Sequence Divergence and Functional Specializations of the Ancient Spliceosomal SF3b: Implications in Flexibility and Adaptations of the Multi-Protein Complex

Multi-protein assemblies are complex molecular systems that perform highly sophisticated biochemical functions in an orchestrated manner. They are subject to changes that are governed by the evolution of individual components. We performed a comparative analysis of the ancient and functionally conserved spliceosomal SF3b complex, to recognize molecular signatures that contribute to sequence divergence and functional specializations. For this, we recognized homologous sequences of individual SF3b proteins distributed across 10 supergroups of eukaryotes and identified all seven protein components of the complex in 578 eukaryotic species. Using sequence and structural analysis, we establish that proteins occurring on the surface of the SF3b complex harbor more sequence variation than the proteins that lie in the core. Further, we show through protein interface conservation patterns that the extent of conservation varies considerably between interacting partners. When we analyze phylogenetic distributions of individual components of the complex, we find that protein partners that are known to form independent subcomplexes are observed to share similar profiles, reaffirming the link between differential conservation of interface regions and their inter-dependence.

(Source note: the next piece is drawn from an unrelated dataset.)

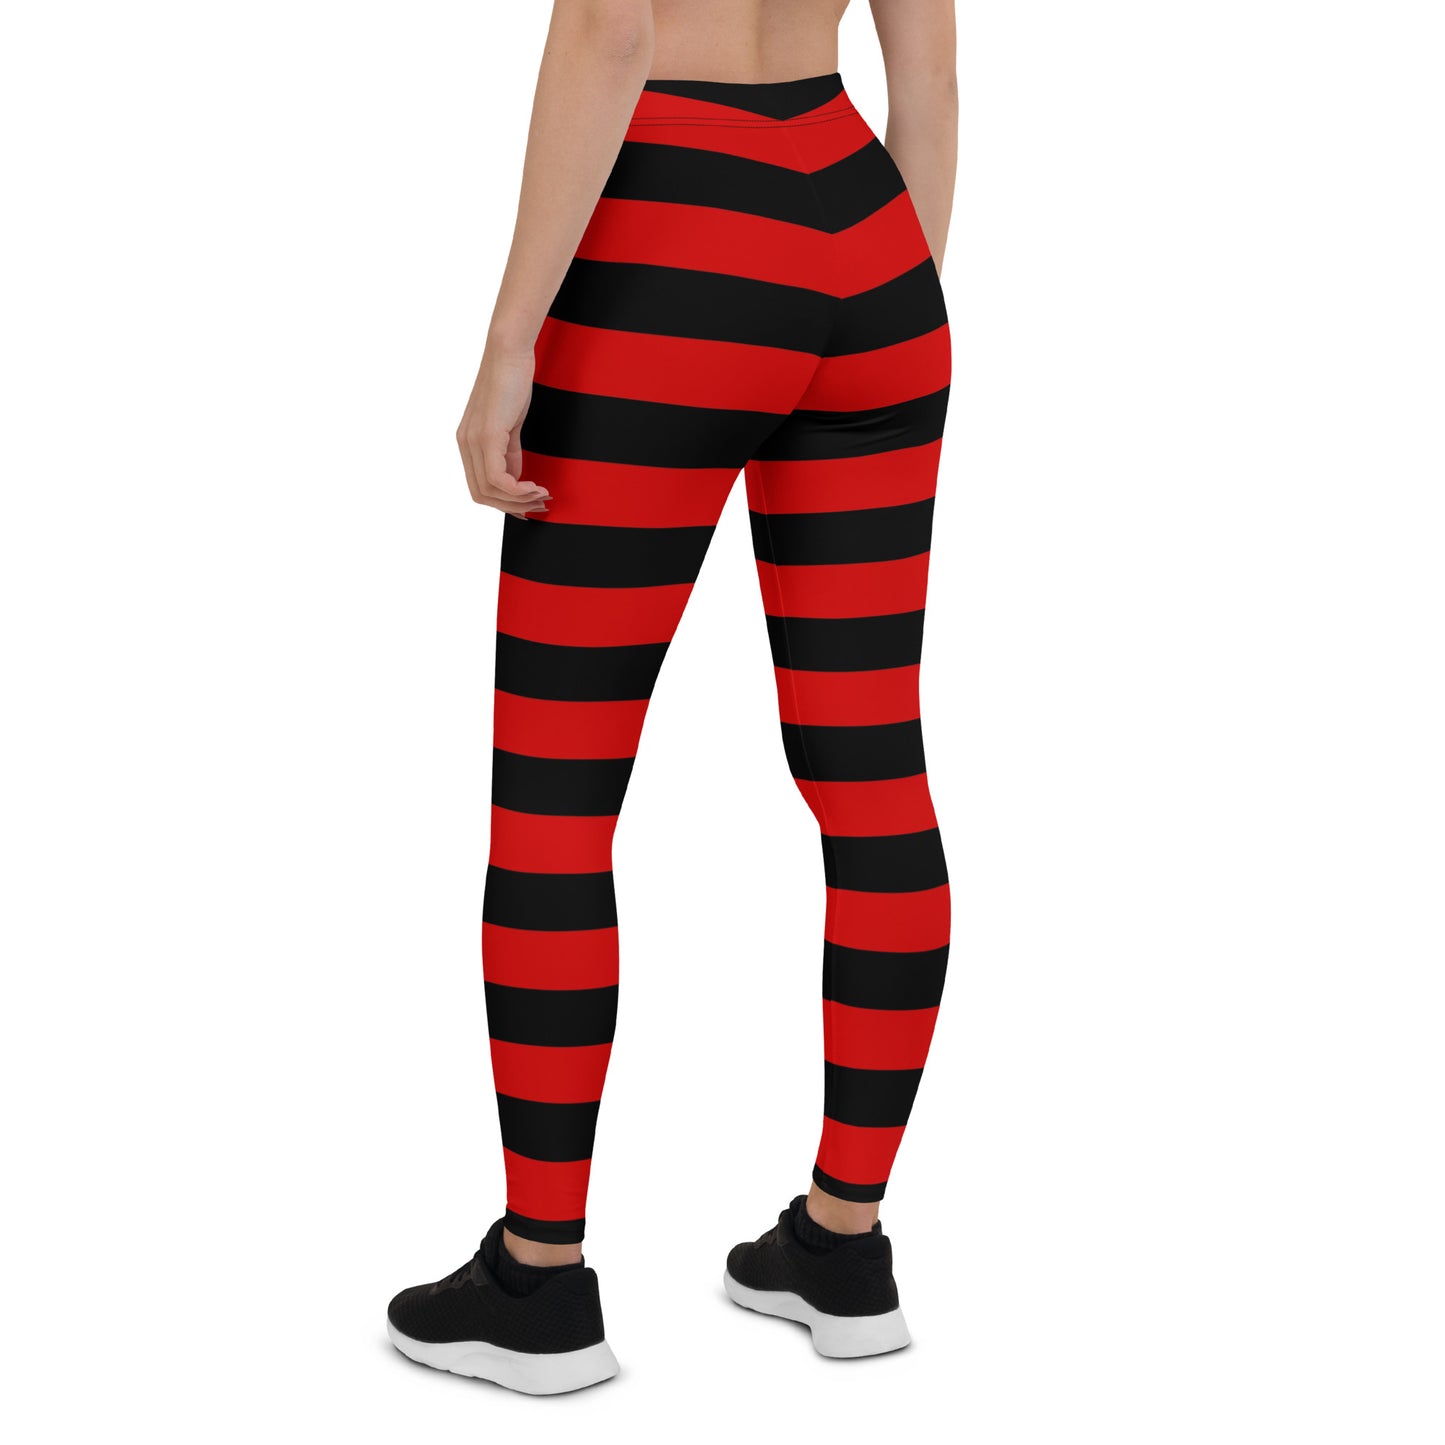 Red and Black Striped Leggings Women, Halloween Witch Goth Printed Yoga Pants Cute Graphic Workout Designer Tights Starcove Fashion

When we extend our analysis to individual protein components of the complex, we find taxa-specific variability in molecular signatures of the proteins. These trends are discussed in the context of proline-rich motifs of SF3b4, functional and drug binding sites of SF3b1. Further, we report key protein-protein interactions between SF3b1 and SF3b6 whose presence is observed to be lineage-specific across eukaryotes. Together, our studies show the association of protein location within the complex and subcomplex formation patterns with the sequence conservation of SF3b proteins. In addition, our study underscores evolutionarily flexible elements that appear to confer adaptive features in individual components of the multi-protein SF3b complexes and may contribute to its functional adaptability.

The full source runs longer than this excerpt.